*Problem*: In the material below, find the line containing "Pretty Summer Acrylic" and the line containing "USA Standard Ring". Output those two lines and all lines between them exactly, without pictures.

*Supplied entries*:
===============
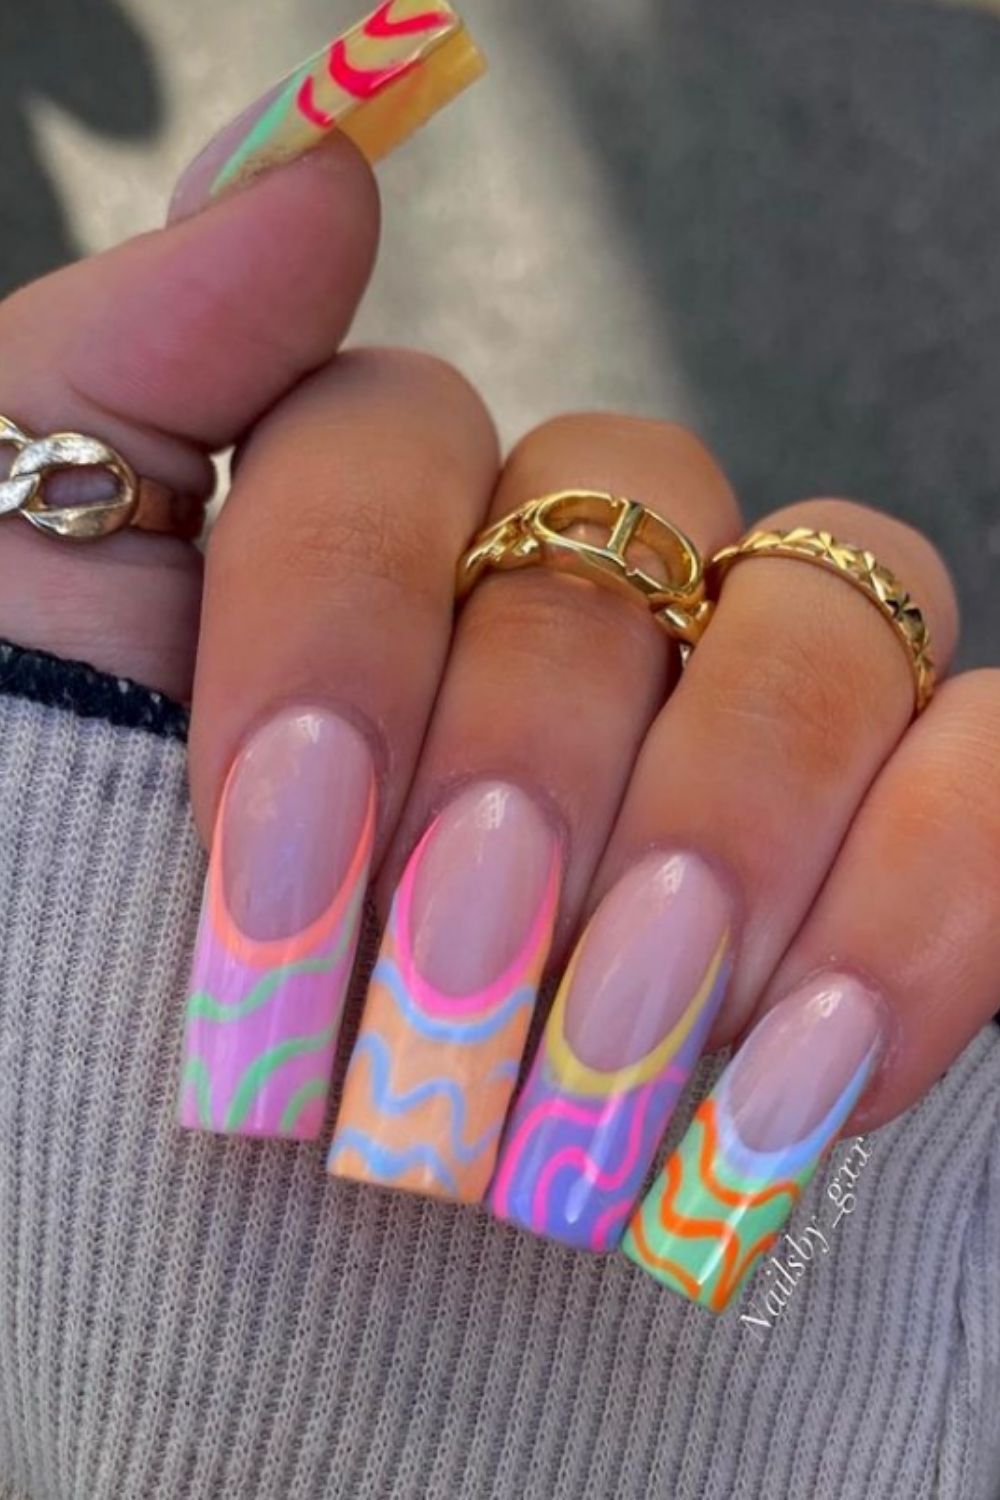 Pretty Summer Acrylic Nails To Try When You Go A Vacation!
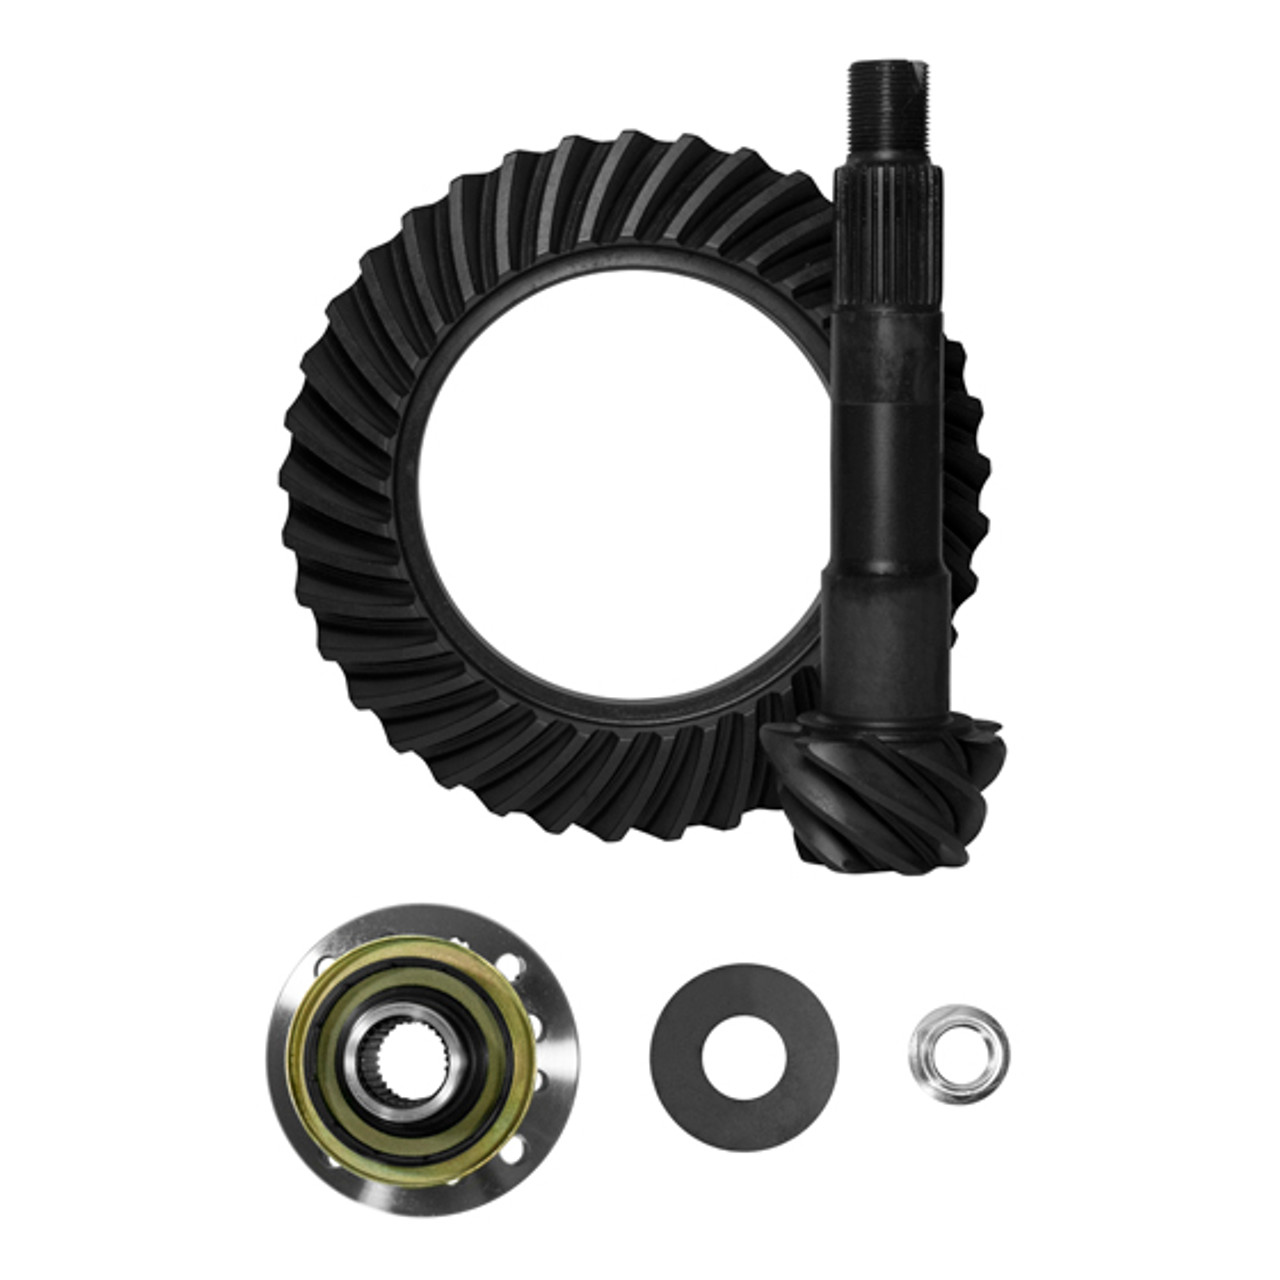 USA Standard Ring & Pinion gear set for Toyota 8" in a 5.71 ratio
===============
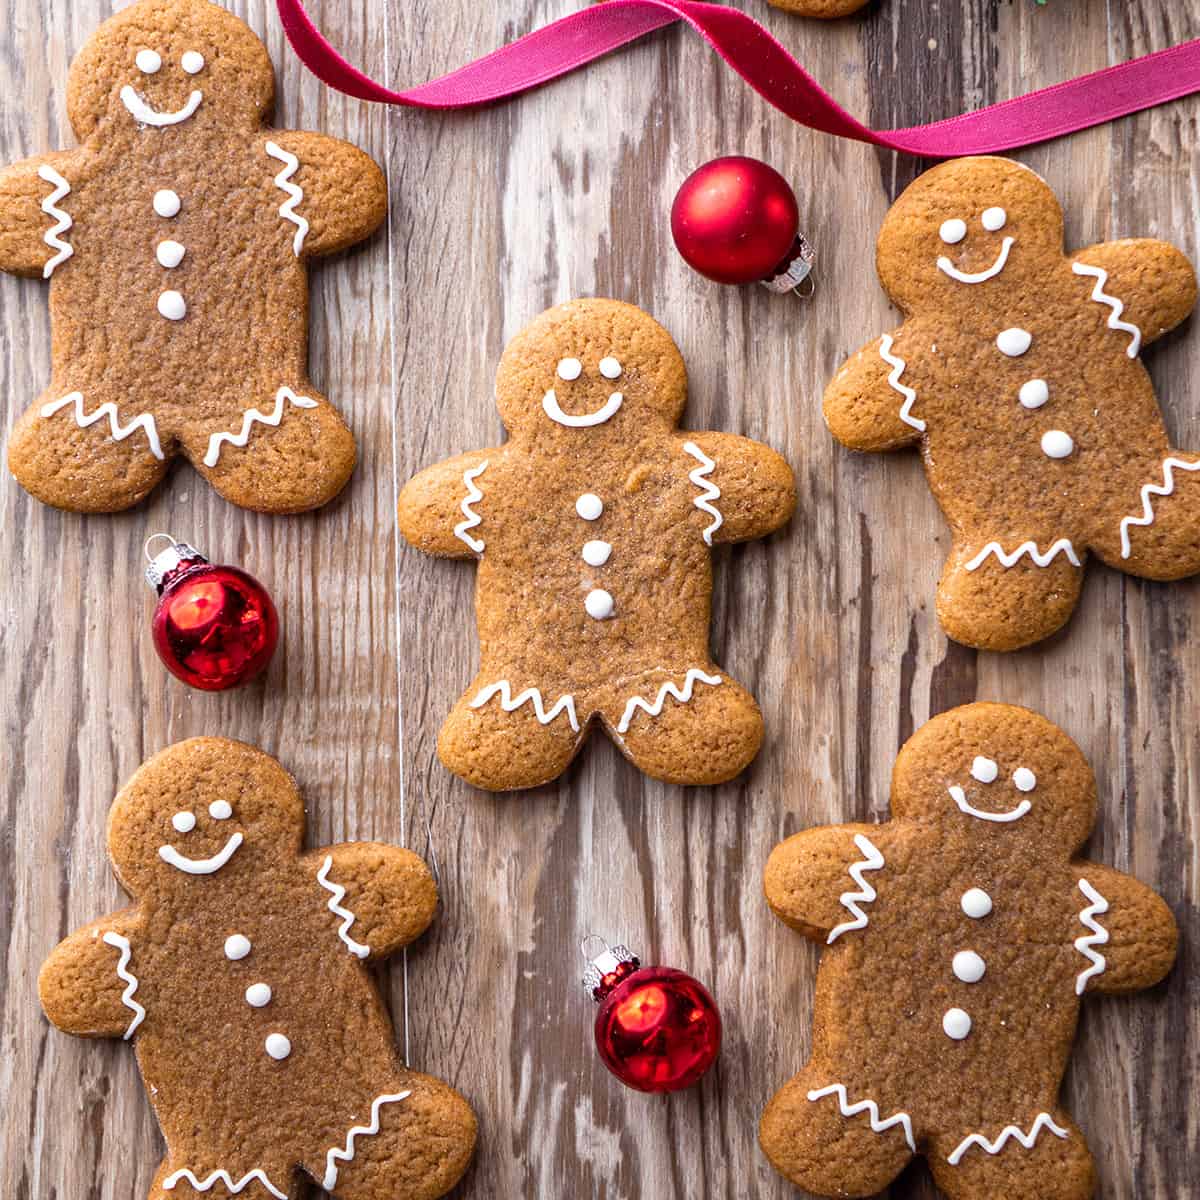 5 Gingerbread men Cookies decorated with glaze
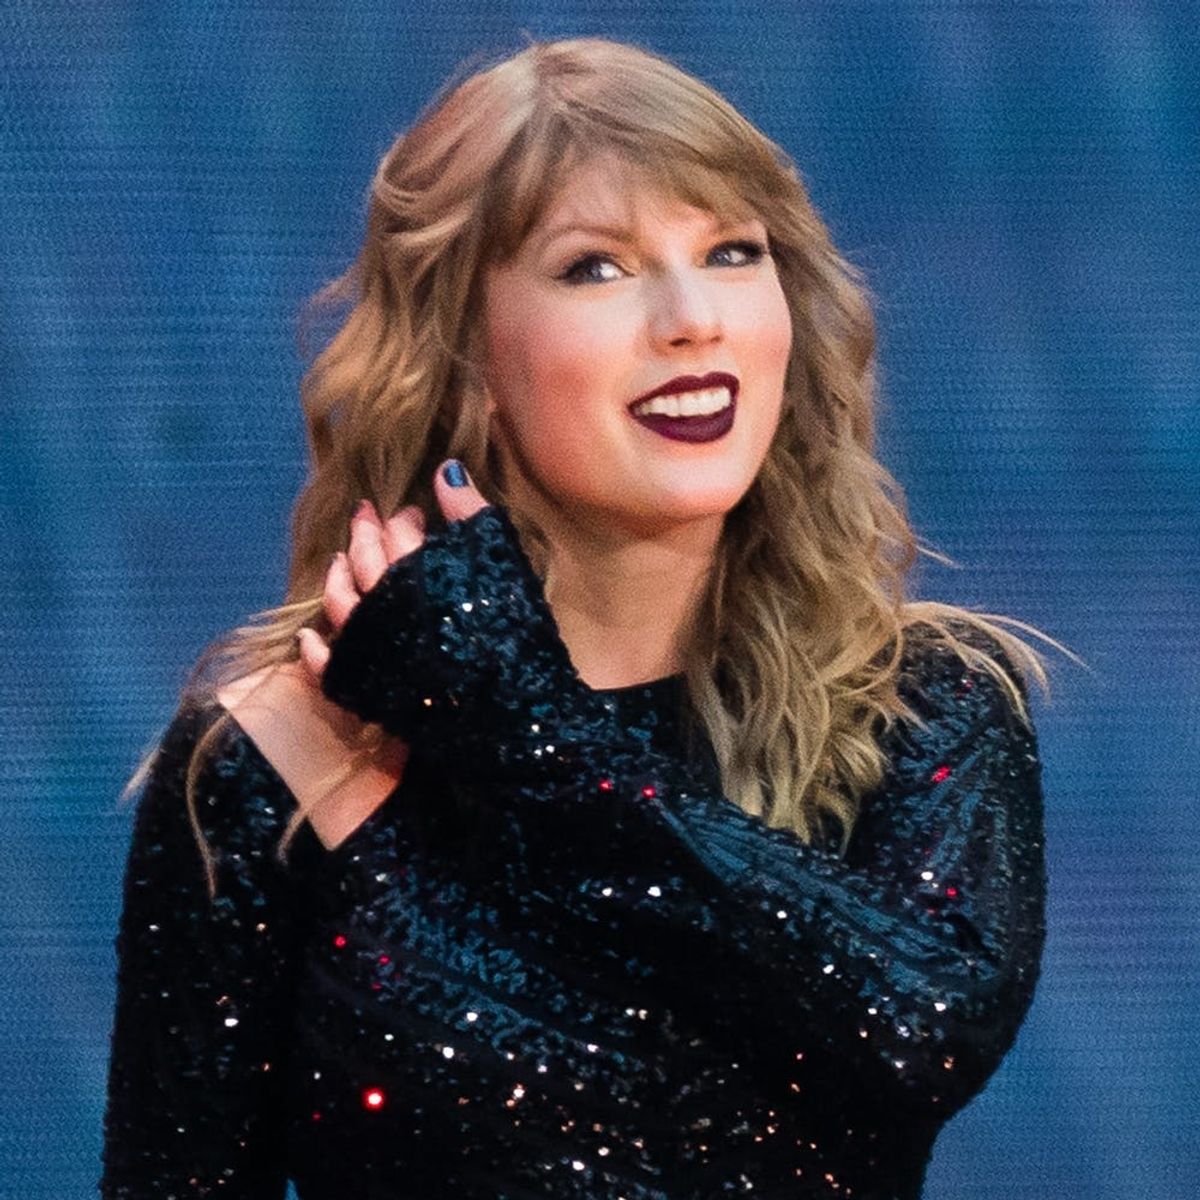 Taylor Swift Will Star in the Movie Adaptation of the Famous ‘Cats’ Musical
===============
*Reply*:
 Pretty Summer Acrylic Nails To Try When You Go A Vacation!
 USA Standard Ring & Pinion gear set for Toyota 8" in a 5.71 ratio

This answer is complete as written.